3. Bitcoin has negative impact on the environment

You probably heard the news about Tesla no longer accepting Bitcoin as a payment method due to its environmental impact concerns. Contrary to what most people would think, Luno explains that Bitcoin only consumes a small fraction of energy that’s currently used by the financial sector.

Interestingly, it said that Bitcoin actually incentivises renewable energy as miners are encouraged to look for greener alternatives. According to Luno’s stats, 39% of Bitcoin mining is performed with renewable energy and 76% of miners use renewables as part of their energy mix.
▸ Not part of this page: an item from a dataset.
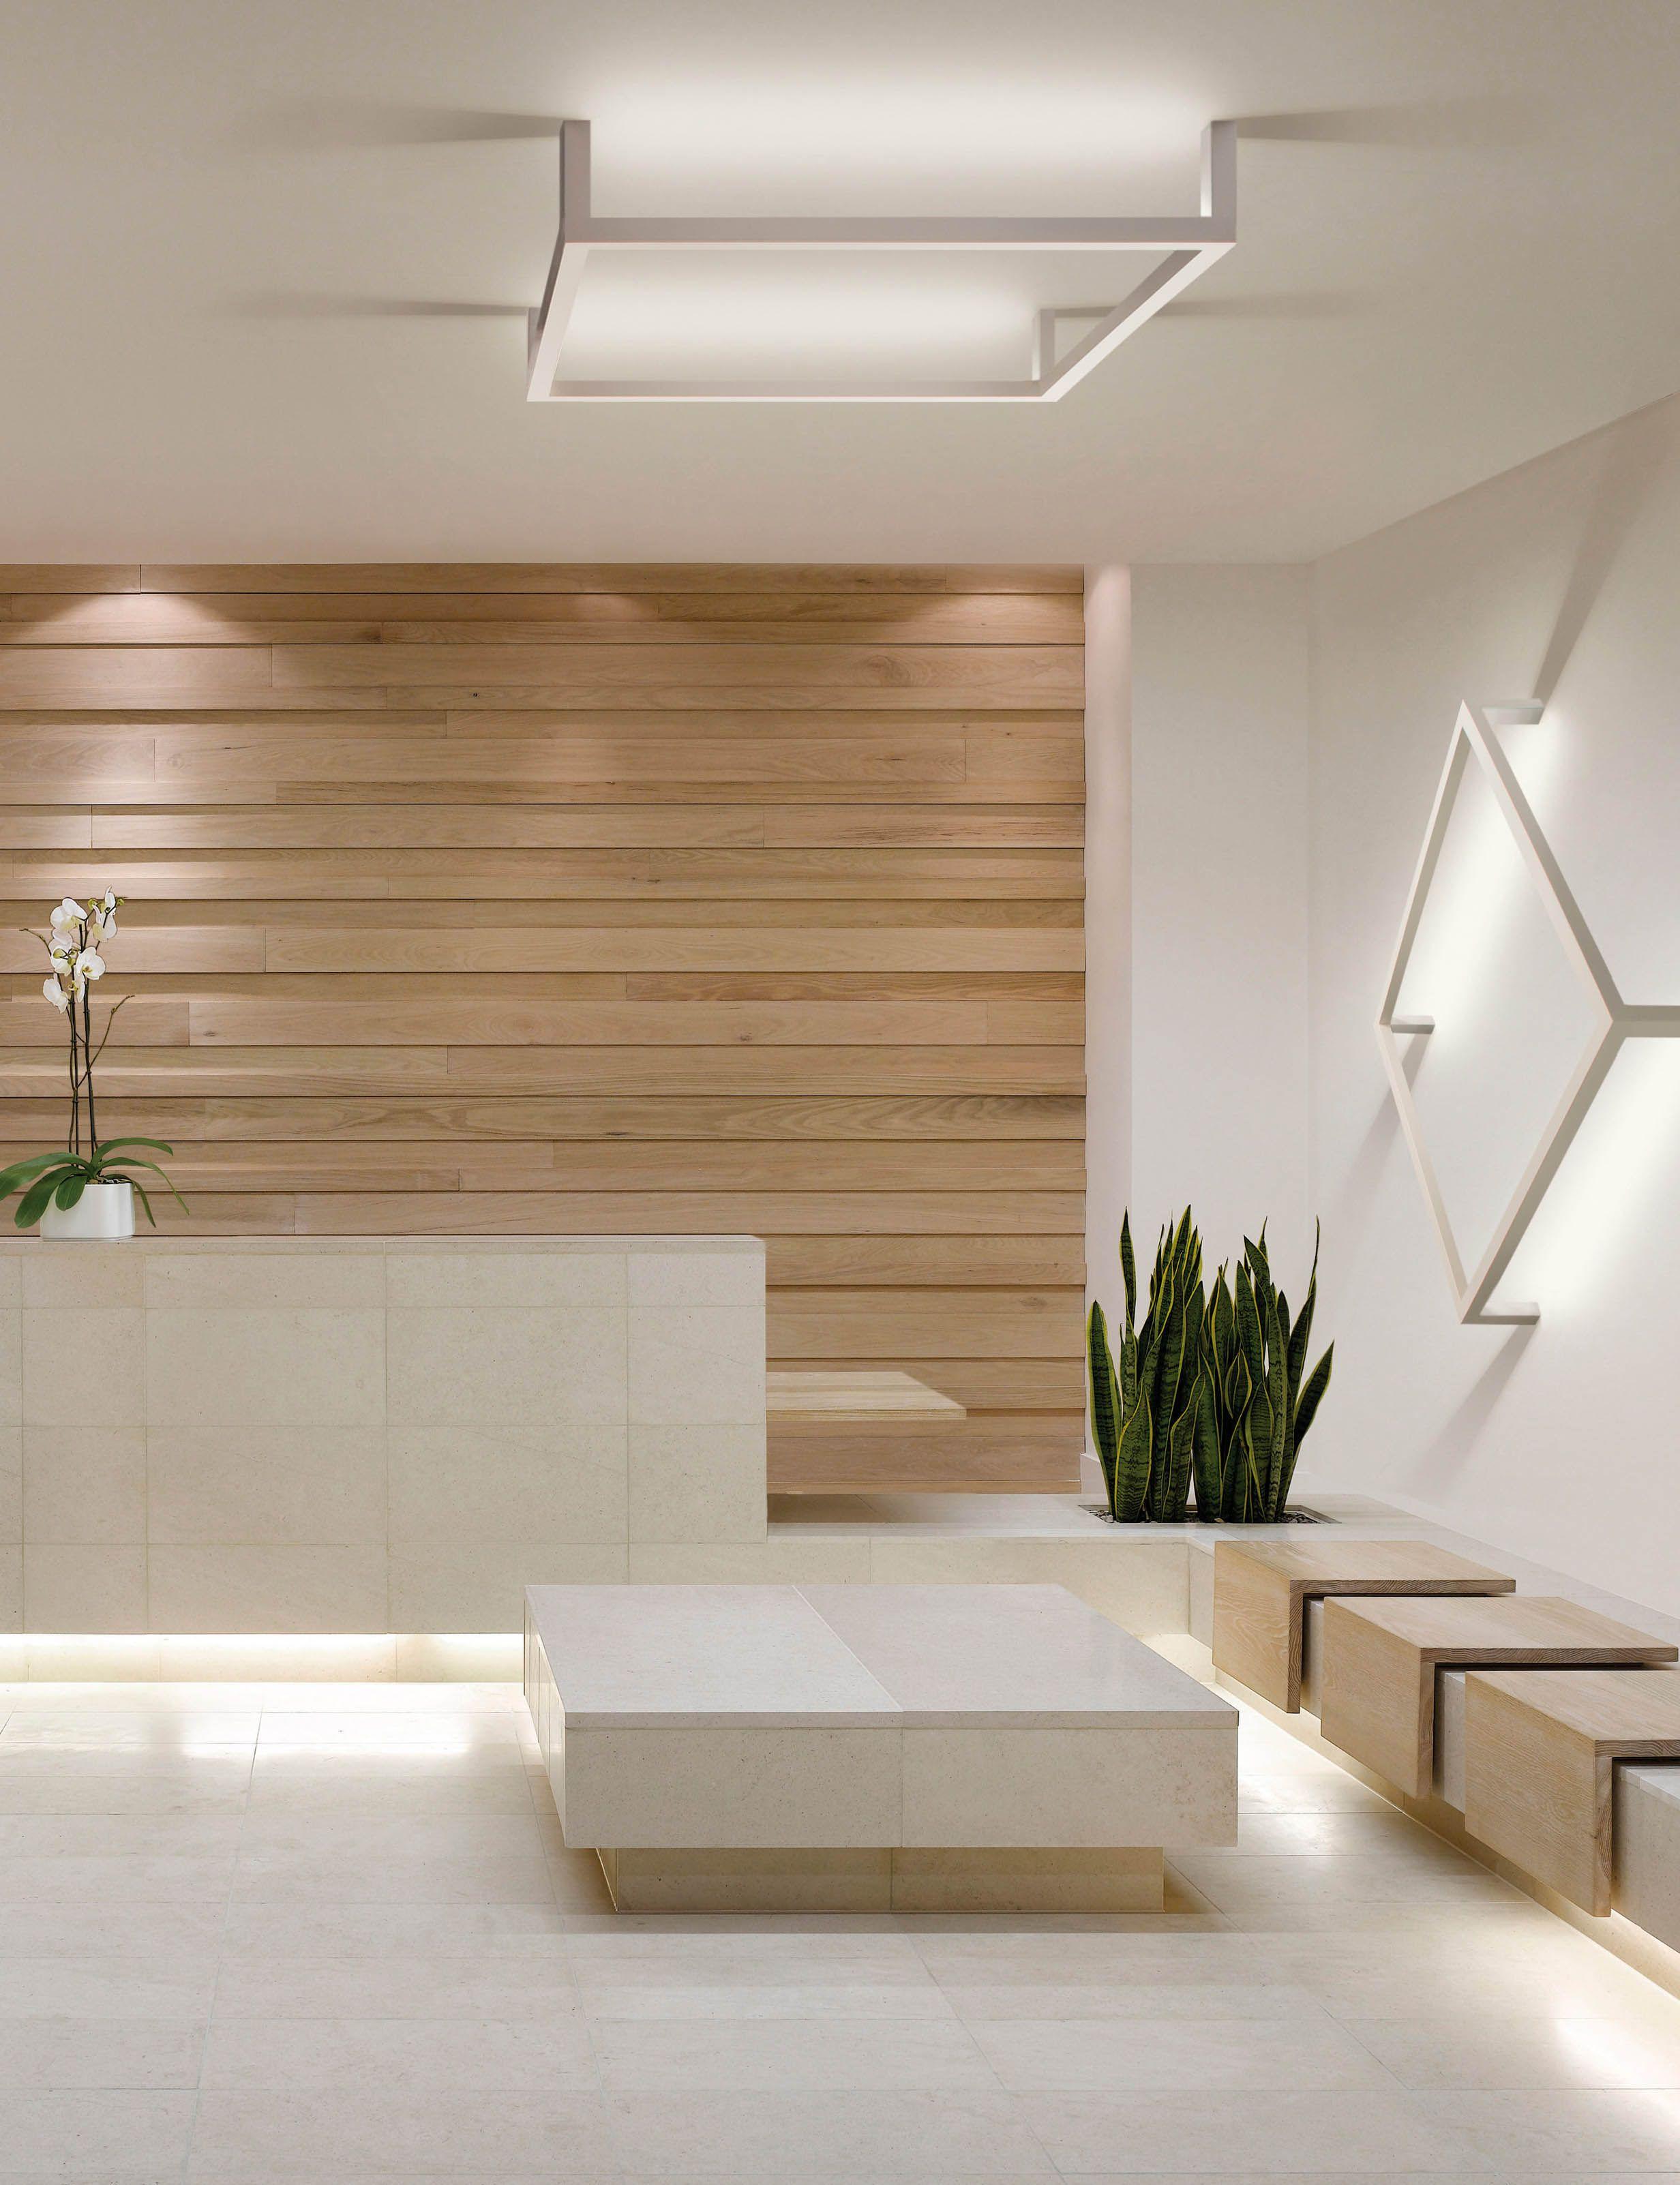 cool inspiration wood interior walls. wall behind reception desk Framework by Manuel Vivian  sleek clean lines wood panels area AxoLight 1 bafco bafcointeriors Visit www com

Bitcoin miners would go to any location that could offer the cheapest power source, and renewable energy is currently cheaper than non-renewables. Bitcoin also has the potential to reduce global carbon emissions when it replaces or combine existing financial systems in the future.

4. Bitcoin is only used by criminals

It is often perceived that cryptocurrency transactions are completely anonymous and it is being used by criminals to demand ransom over the internet. While Bitcoin often gets a bad reputation for cybercrimes, Luno says criminal activities take just 0.34% of all cryptocurrency activities, and it is much less than fiat currency.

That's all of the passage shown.